Let’s consider some attributes of human eyes and brains. Eyes don’t, in reality, “see” anything. They capture lightwaves and send these, via neural networks, to our brain’s visual cortex for interpretation and correction. Notice how you have two eyes but only see one “smooth” picture – that’s some neat real-time processing right there. Not only that, your eyes are sending a constantly changing pipeline of varying lightwaves, but note how the picture stays smooth and controlled, enabling you to make decisions, almost at an unconscious level.

So, how do we “replicate” this with a computer? The answer is: we don’t.

“Vision is the functional aspect of the brain that we understand the best, in humans and other animals,” Tenenbaum says. “And computer vision is one of the most successful areas of AI at this point. We take for granted that machines can now look at pictures and recognize faces very well, and detect other kinds of objects.”

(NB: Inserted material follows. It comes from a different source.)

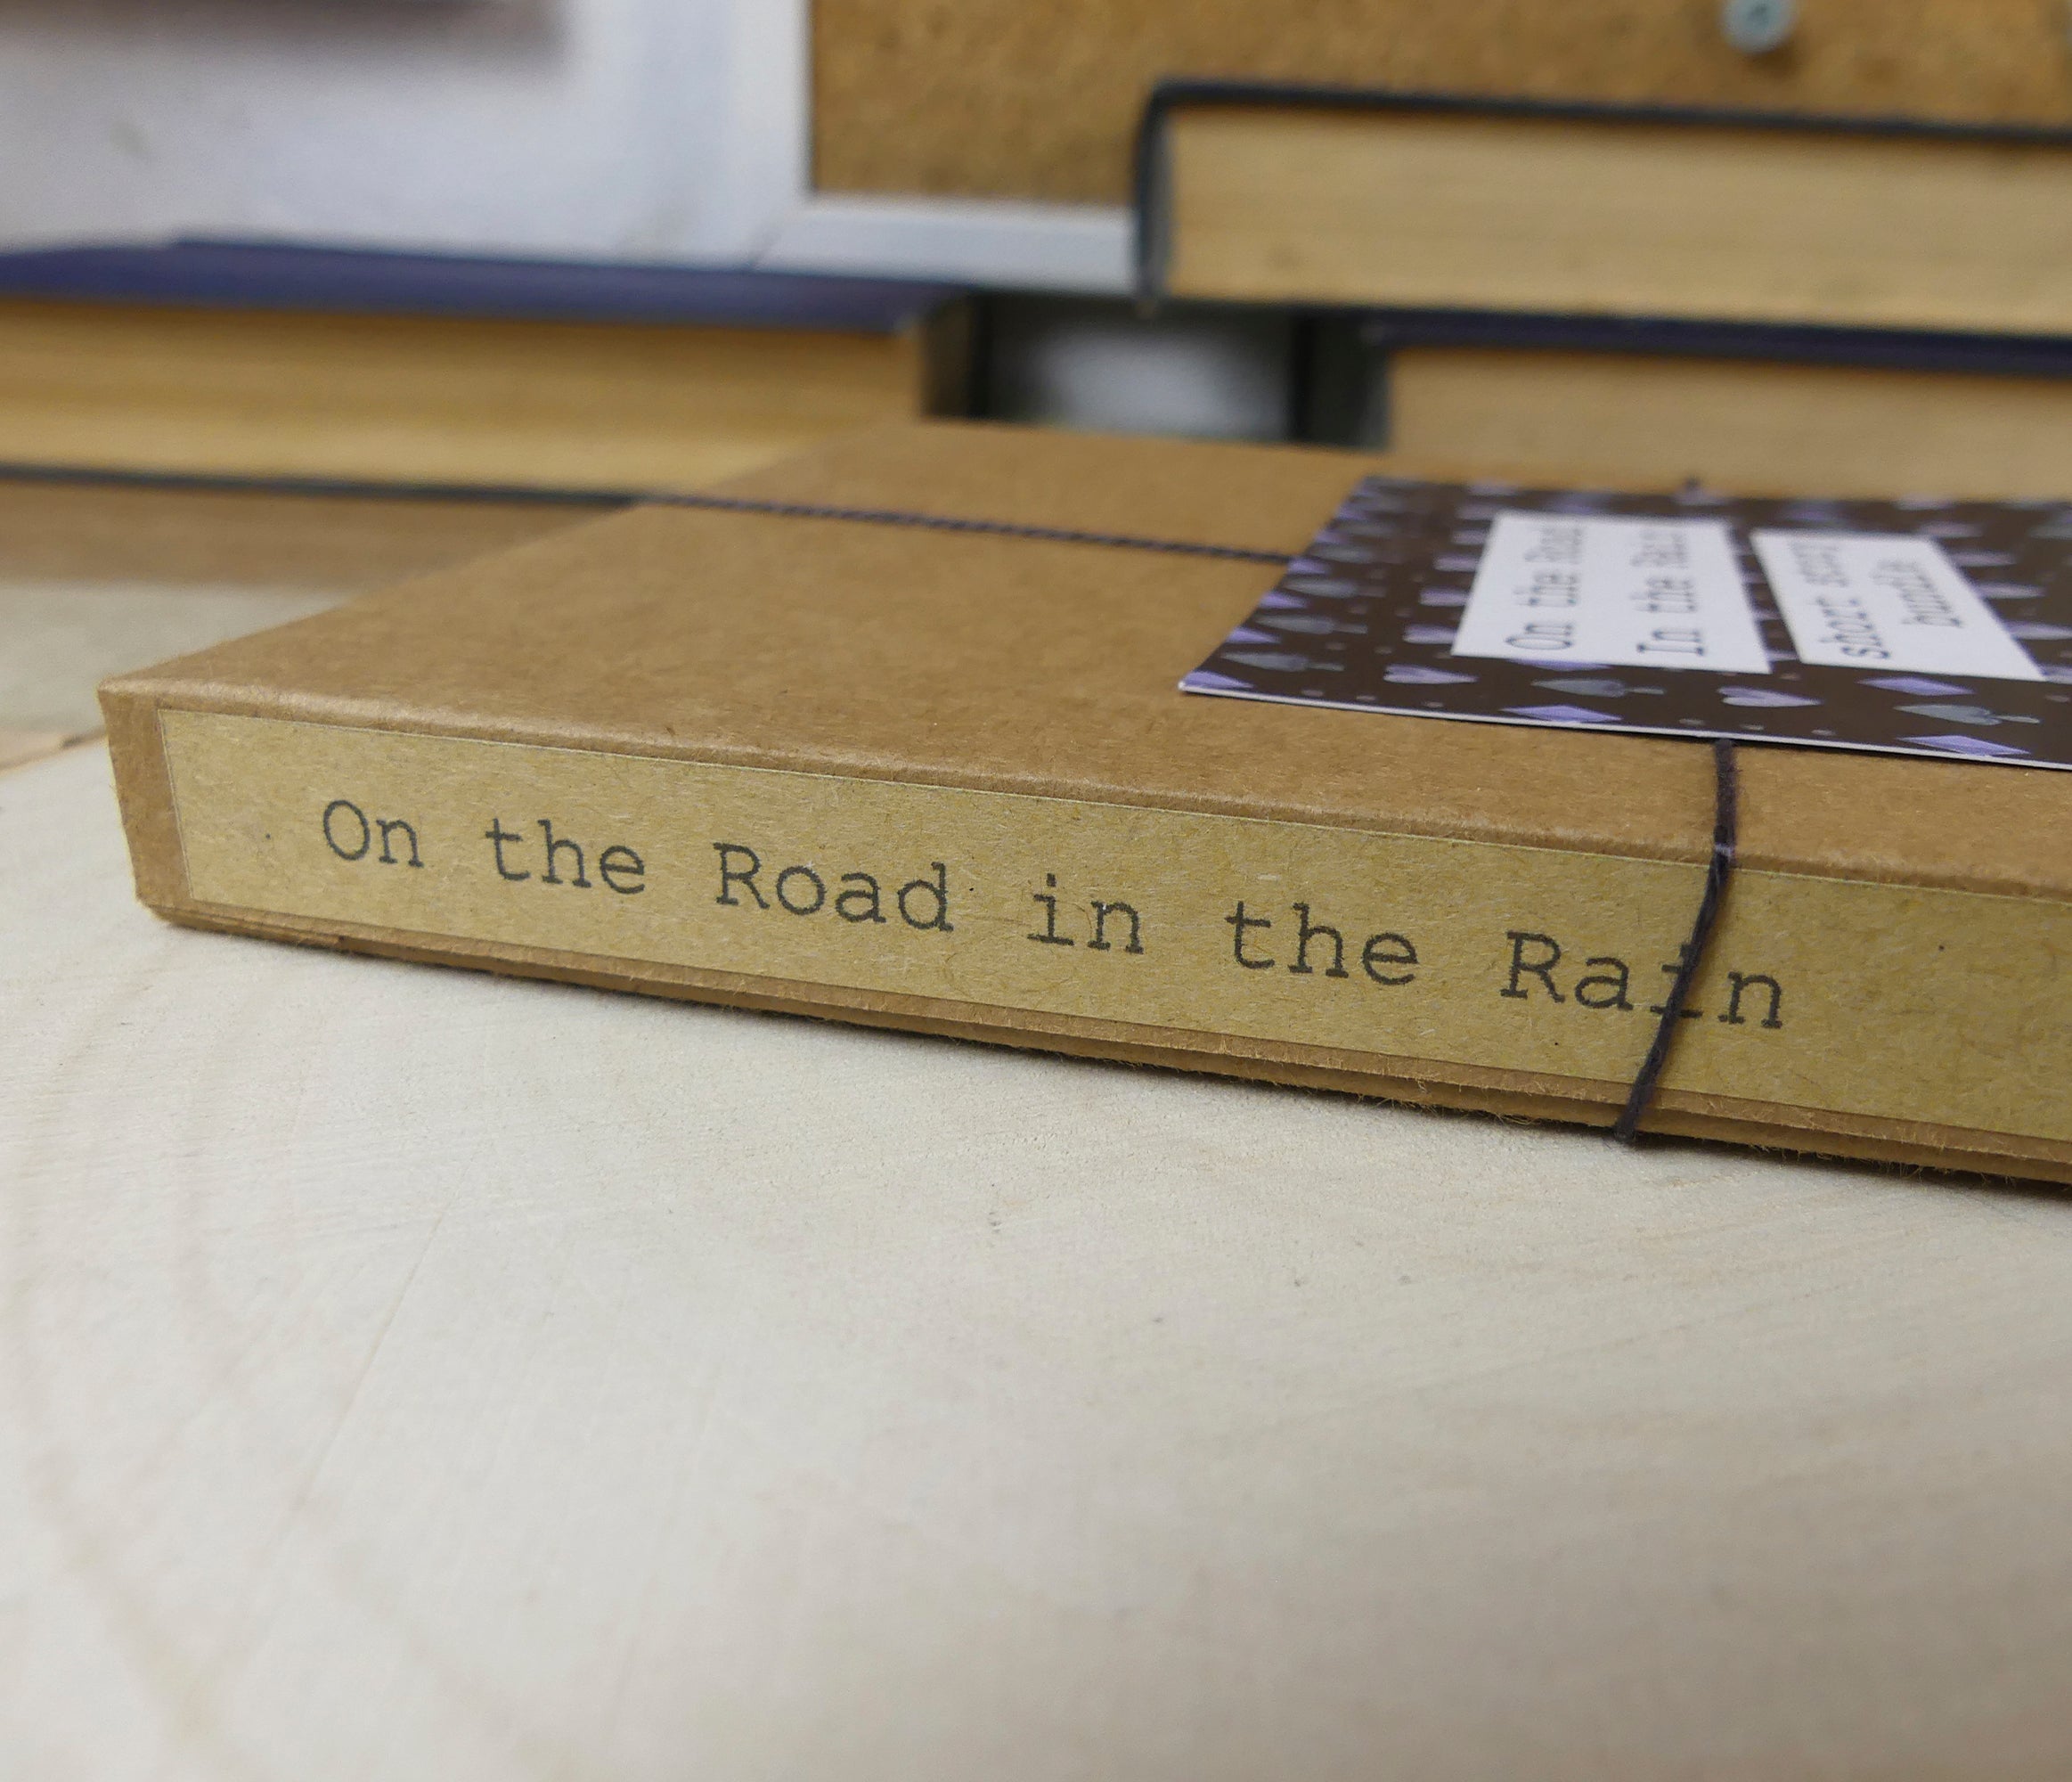 On the Road in the Rain - Short Story Zine Bundle

However, even these sophisticated artificial intelligence systems don’t come close to what the human visual system can do, Yildirim says. “Our brains don’t just detect that there’s an object over there, or recognize and put a label on something,” he says. “We see all of the shapes, the geometry, the surfaces, the textures. We see a very rich world.”

Neuroscience News

While it might sound cool to make such a grandiose statement, the regressions being spotted are simply comparisons – no more and no less. The computer is programmed to look for variances. The more sophisticated the software, it is probably reasonable to assume the better it will be at spotting regressions. Checking state “A” with state “B” and comparing it is, when all is said and done, is one of the things computers were built for and are good at.

Question – why are we replicating the “human eyes and brain”? We know that humans really struggle when it comes to checking in detail and for any length of time. Is the answer then to ask a computer to replicate that struggle? Why would we use software that replicates human limitations and errors? Perhaps we are not “replicating” at all but creating an illusion that makes for a grand sales pitch.

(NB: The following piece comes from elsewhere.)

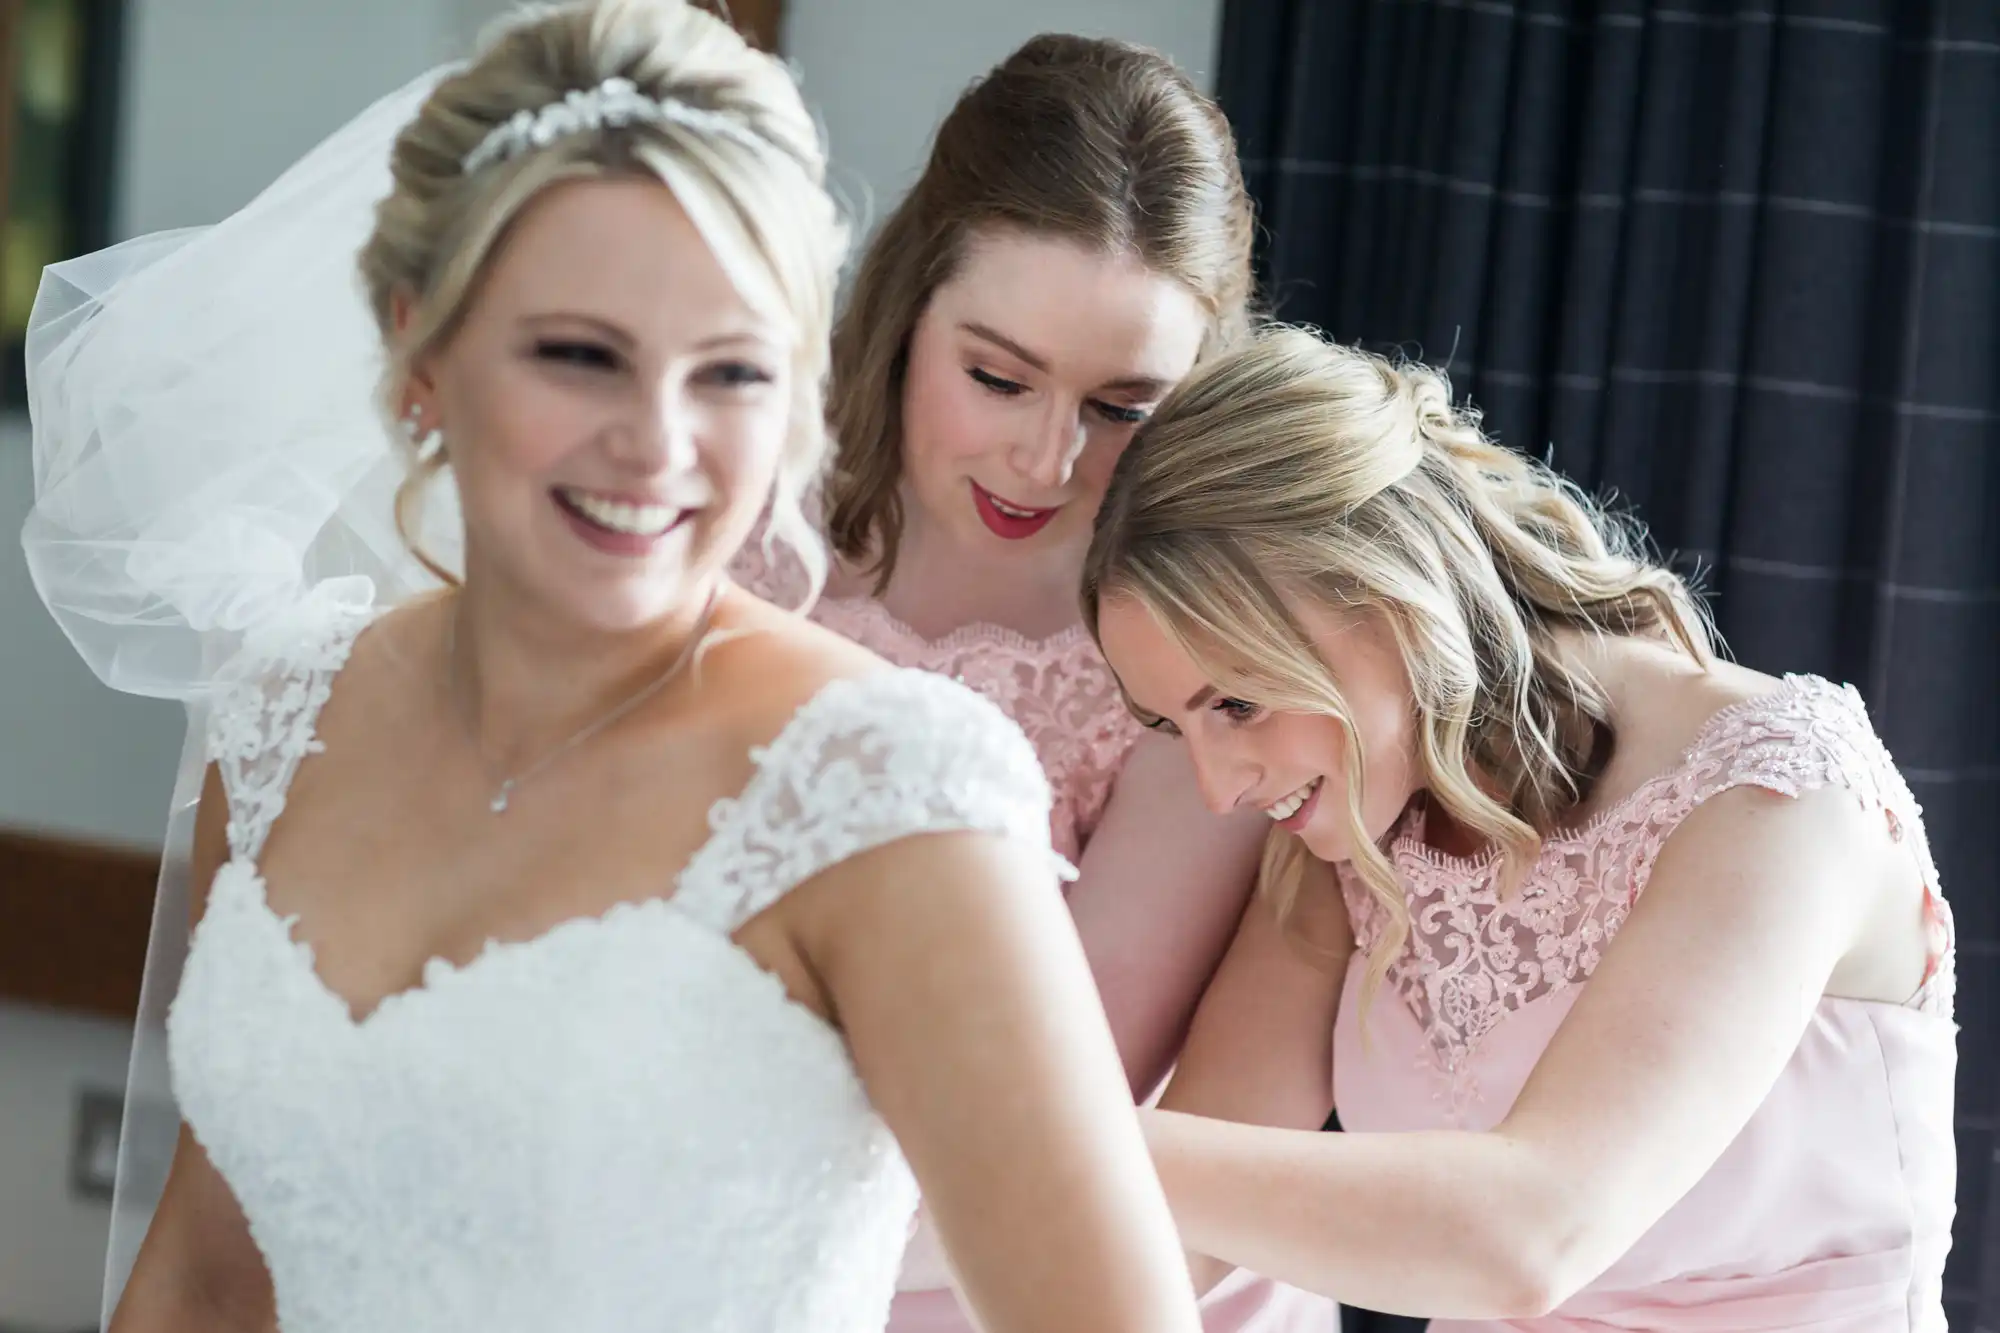 A bride in a white lace wedding dress is getting help adjusting her gown from two bridesmaids in pink dresses. All three women are smiling.

It seems to us that if the software was “replicating human eyes and brain” then surely it could do more than just spot a difference. Is it exploring the reasons why the difference has been spotted? Is it creating a bug ticket with replication steps and a detailed analysis of why the difference is unacceptable rather than acceptable? Can it compare the current state with previous states and make decisions about attractiveness, usability, suitability? Can it consider any of this based on a variety of contexts? If not, what’s stopping this? A human brain, a real human brain, that’s what. Perhaps it would be enough for Applitools to talk about how accurate the software is, avoiding this “human eyes and brain” hyperbole altogether.

Let’s turn our attention to the idea of “Tests infused with visual AI”. From the Oxford dictionary we can interpret “infused”, in this context, as “the introduction of a new element or quality into something”. From reading across one of the linked pages, we see many references to “AI” and we also see attention-grabbing words and phrases like “complex” and “deep learning”, along with the claim that “Applitools Visual AI has achieved 99.9999% accuracy”.

We take a couple of things out of this:

  1. We have been given no better understanding of why “tests infused with AI” are helpful to our testing or quality goals. While it might make for a nice sales pitch, it really gives us nothing of substance to compare against anything we might already be using to pinpoint likely advantages or even half solid reasons for considering a switch.
  2. The claim that “Applitools Visual AI has achieved 99.9999% accuracy” requires some scrutiny. Notice that it does not claim to always achieve or provide you with “99.9999% accuracy” (is our sarcasm in overdrive suggesting the wording is deliberately designed to be misread this way?). “Four nines” is an amazing accuracy rate but, the big (and unanswered) question is, under what conditions? High accuracy rates are achievable, and are far less impressive, when achieved under optimal conditions. If we started using this software tomorrow, what would our accuracy rate be? How long would it take to achieve 99.9999%? Is it even achievable in the real world outside of controlled conditions?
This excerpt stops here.